Hills prefects push for more localized health care

Rural health services have been on the decline since Quebec centralized health care administration seven years ago, and now CISSSO may further reduce rural services in favour of a mega hospital in Hull.


But the push is on to preserve and even improve health care in the Gatineau Hills and other, more rural reaches of the Outaouais. MRC Vallée-de-la-Gatineau Prefect Chantal Lamarche was the spark in all of this.


In late-2018 she started calling for a change to health care services and administration in the Outaouais. She critiqued the lack of services in rural areas and demanded the dismissal of CISSSO CEO Jean Hébert. Quebec health minister Danielle McCann fired Hébert in February 2019. In October, Quebec Premier François Legault pledged to decentralize healthcare, an announcement applauded by Lamarche.


In December the MRC Vallée-de-la-Gatineau launched a health care pilot project with the aim of bringing local control back to healthcare. The MRC mayors council unanimously adopted a resolution in October to establish a working group focused on health to make sure that rural voices are at the table when health care decisions are made.


“I think it’s a good idea to see what more can be done locally to preserve proximity services,” MRC des Collines Prefect Marc Carrière said about the pilot project.

This week, Carrière told the Low Down that he wants to do something similar in the MRC des Collines.


“I prefer to have more services locally and less bureaucracy,” he said.

Carrière was the Chapleau MNA during the Barrette health care reform that was pushed through by his Quebec Liberal Party.

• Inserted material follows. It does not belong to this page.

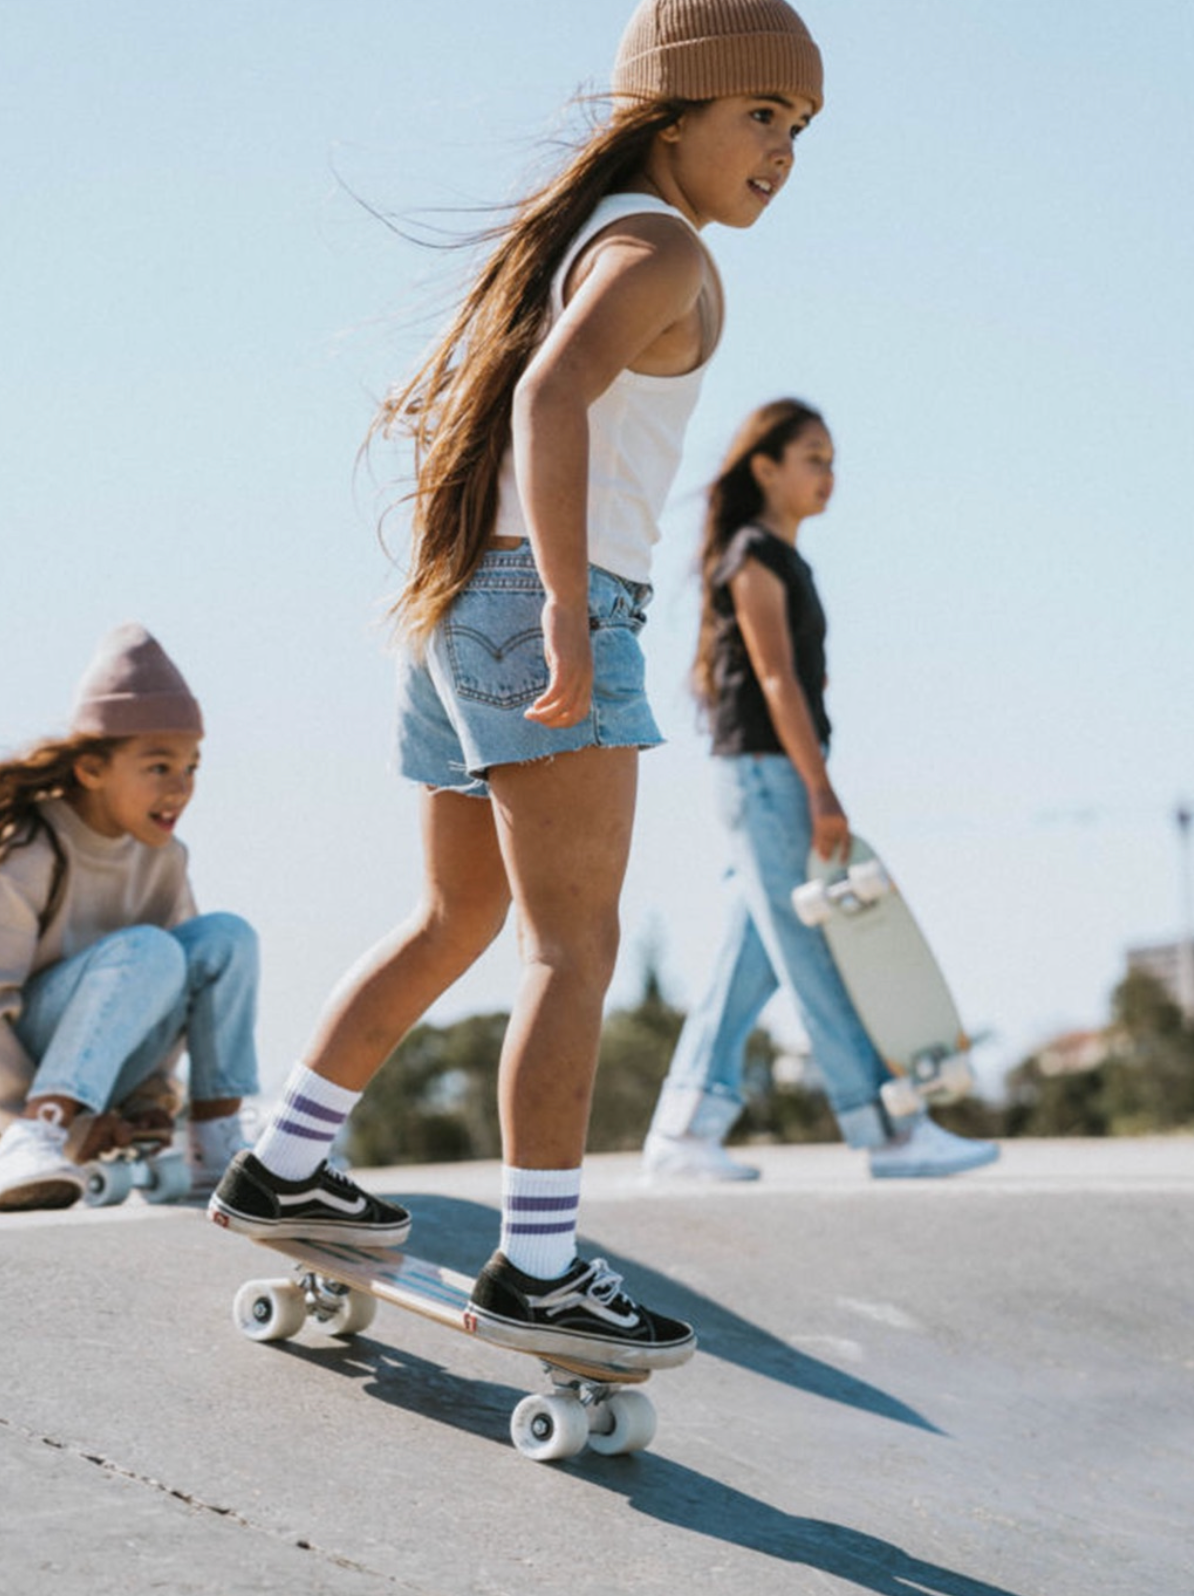 Children&#39;s skateboard

When asked about how centralization affected the quality of health care, he said that “it’s time to see the results.”


Carrière said the focus of the group will be to promote keeping and improving health services in the MRC des Collines but to also study how those services have changed in recent years.


“I doubt that anyone in the Outaouais is against decentralization,” André Renaud said.

Renaud lives in Chelsea, served as mayor from 1971 to 1973, and served on the Centre Regional de Santé et Service Sociaux de l’Outaouais – which was scrapped when health administration was centralized into CISSSO – from 1984 to 2004. He’s working with Carrière on the MRC des Collines health committee which he said will be modelled after the MRC de Memphrémagog’s “vigilance committee” in the Eastern Townships. Renaud said that committee has members who are business owners, doctors, patients, and politicians that work with their local version of CISSSO on how health services are administered.


CISSSO plans to build a 3 million square foot, $2.5 billion hospital in Gatineau or Hull – the location hasn’t been decided yet – in the next eight to 10 years. But this 600-bed hospital could cost the smaller, rural, regional hospitals elsewhere in CISSSO’s territory.


In February 2021, CISSSO published a clinical plan centred around the proposal for the new regional hospital. The plan includes a recommendation that Wakefield Hospital should reduce services to become either just an emergency room with a CHSLD – a long-term senior care home – or an emergency room with a multi-service centre.